“We are working on it with Al Madar and Libyana. Probably about two to five percent, this is the maximum that will be floated,” Gamal Al Lamushy told reporters in the United Arab Emirates.
Previous reports mentioned that the company would locally list 30 percent late last year, in which Al Lamishy announced would have been improbable.
“I dont think that much will be floated. The capacity of the Libyan stock market is very limited and it will not be a good idea to float such a big amount of capital,” he added.
Among these sectors is the newly partially-privatized Kamash petrochemical plant, which was set to be listed in the stock market in May 2011. The state owned and operated complex produces salt, PVC, Hydrochloric acid and chlorine.

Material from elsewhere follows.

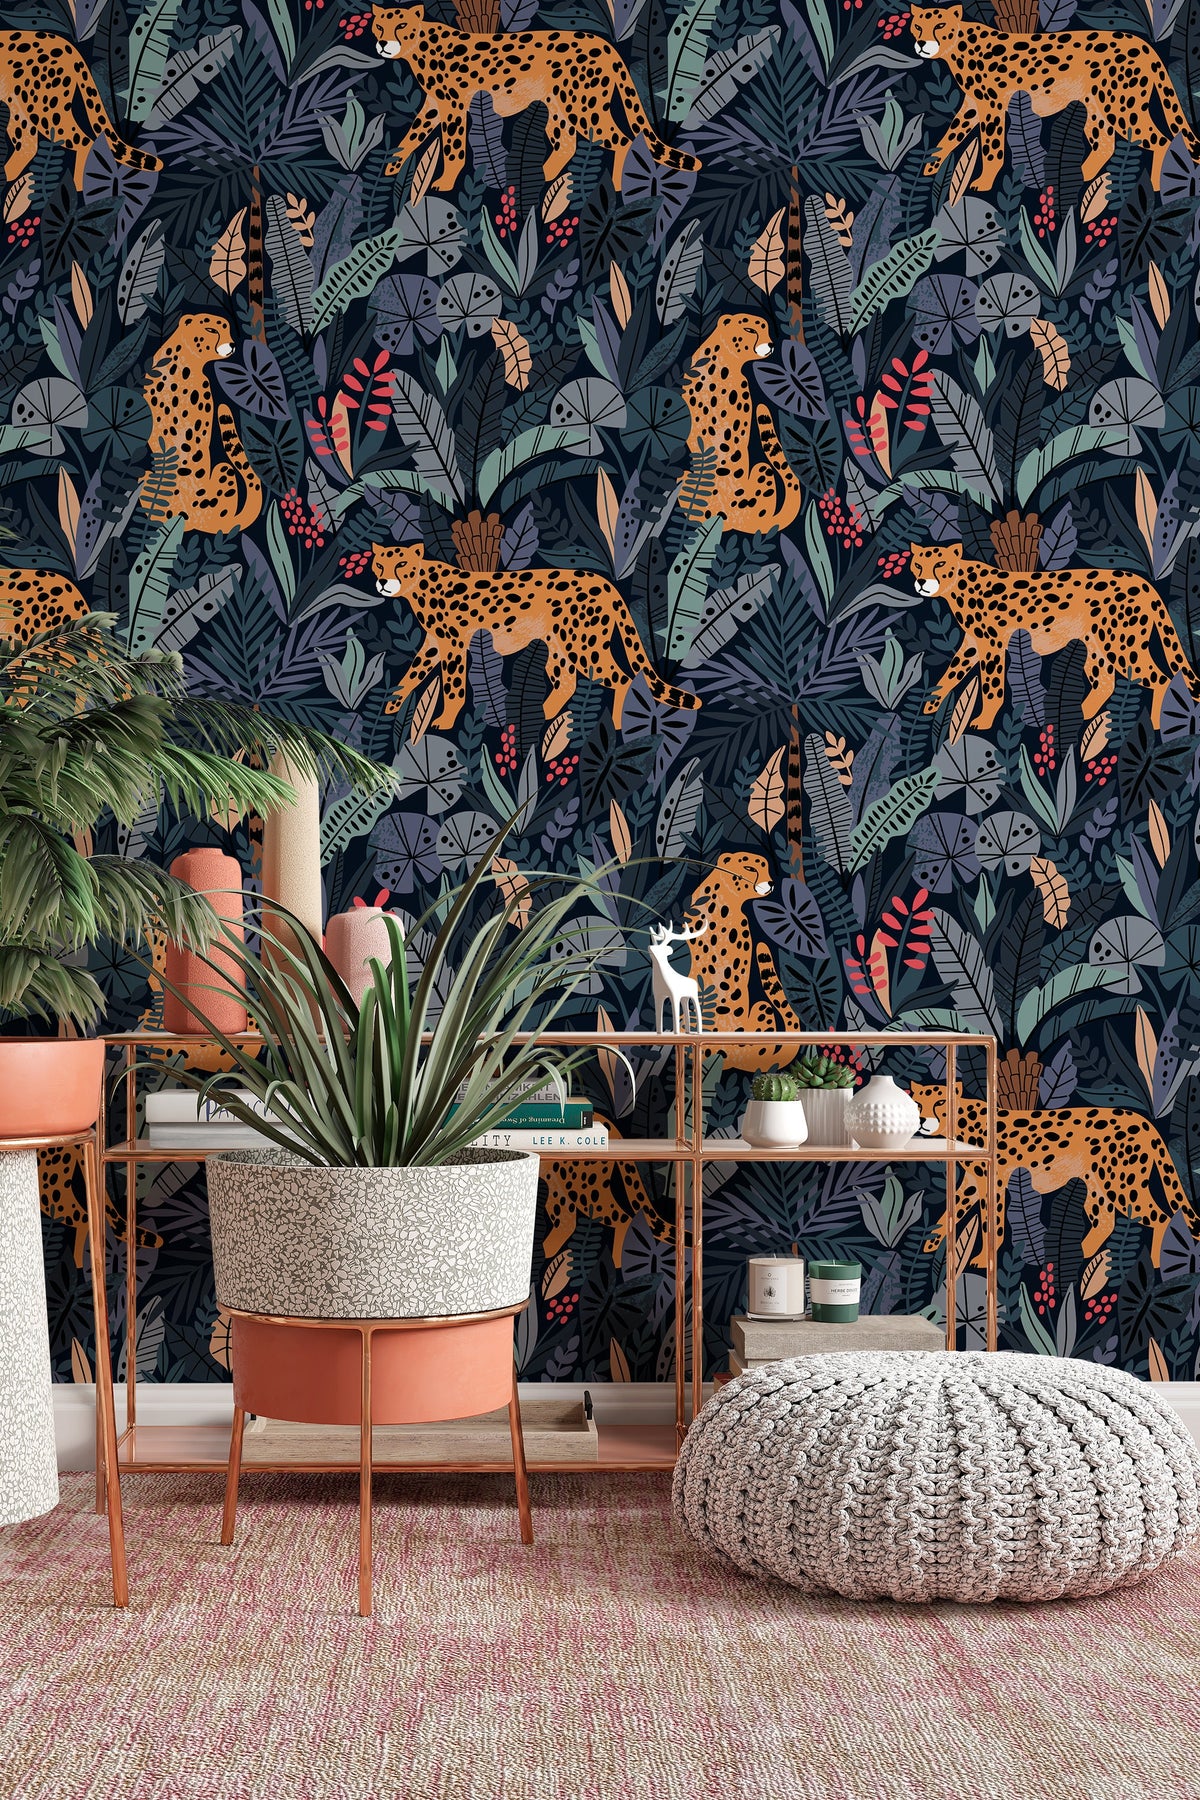 Augustus Jungle Cheetah Wallpaper - 21 Inch Sample - Lelands Wallpaper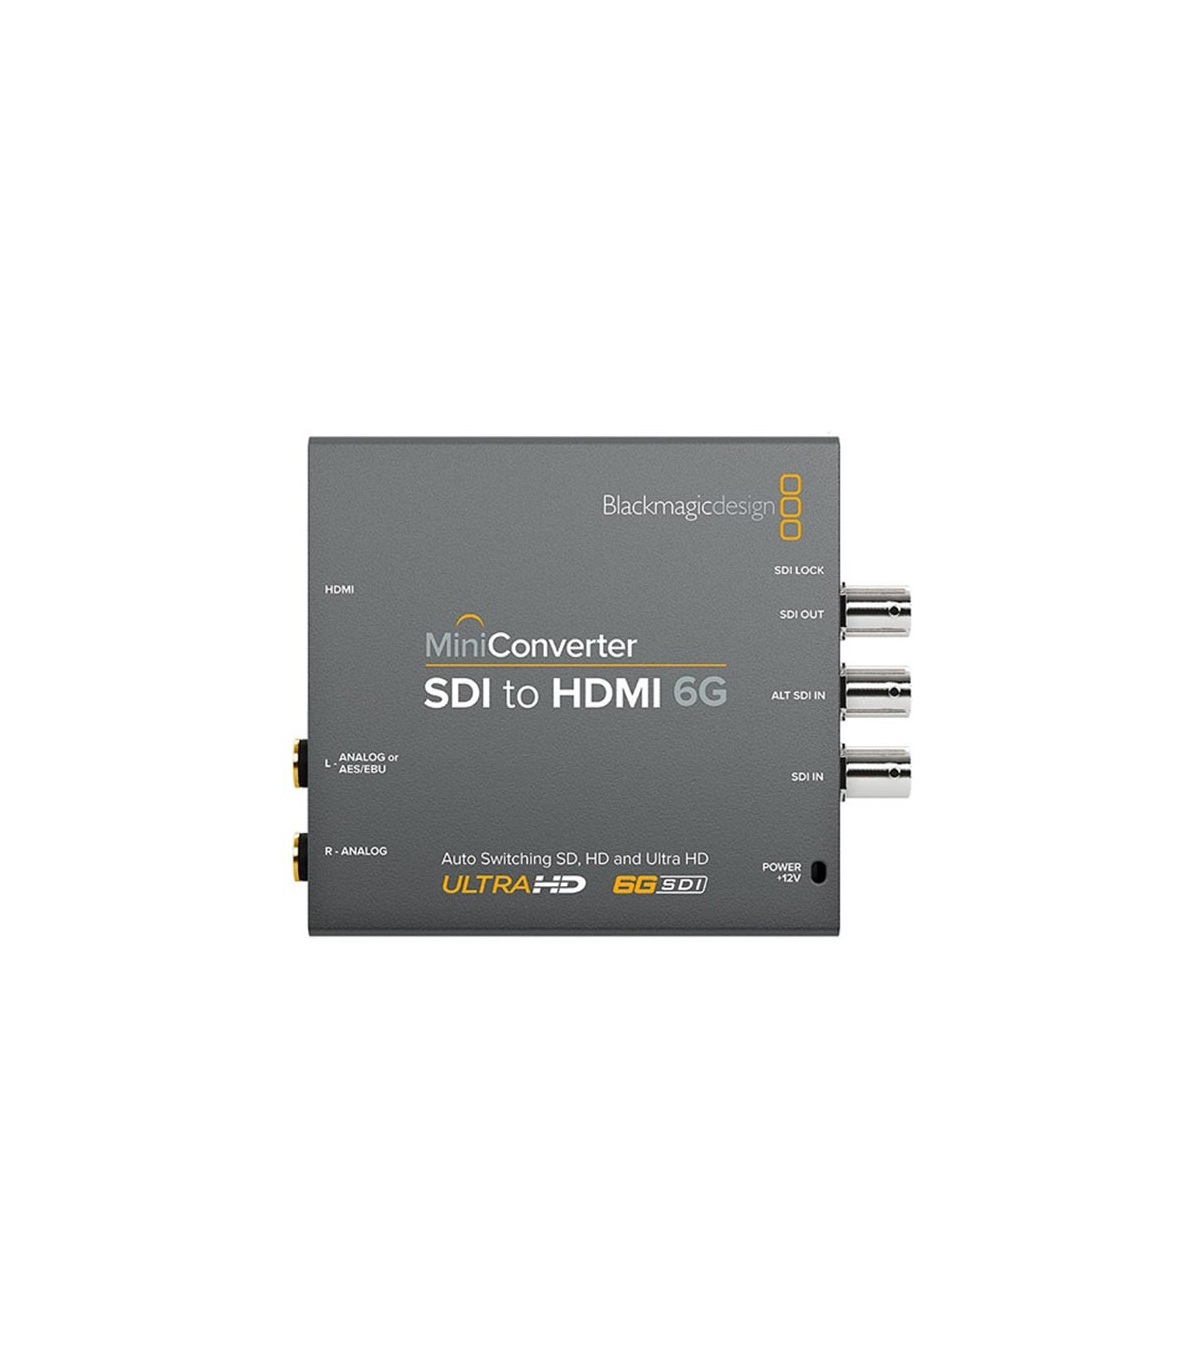 مینی کانورتر بلک مجیک Blackmagic Design Mini Converter SDI to HDMI 6G

“We are receiving offers from different companies from all over the world,” he announced. “Our brothers in the Gulf are our first choice for investments in Libya,” Al Lamushy added, addressing investors during a road show in the UAE aimed to stimulate investments in different Libyan sectors.
In a statement released by the North African country’s delegation, they announced that their aim is to raise five to 10 billion Libyan dinars ($400 million) for real estate, transport, trade and construction sectors.
Since Libyan President Mu’amar Al Gaddafi opened his country’s markets to foreign investments, business has flourished in the North African country after years of economic sanctions and world isolation.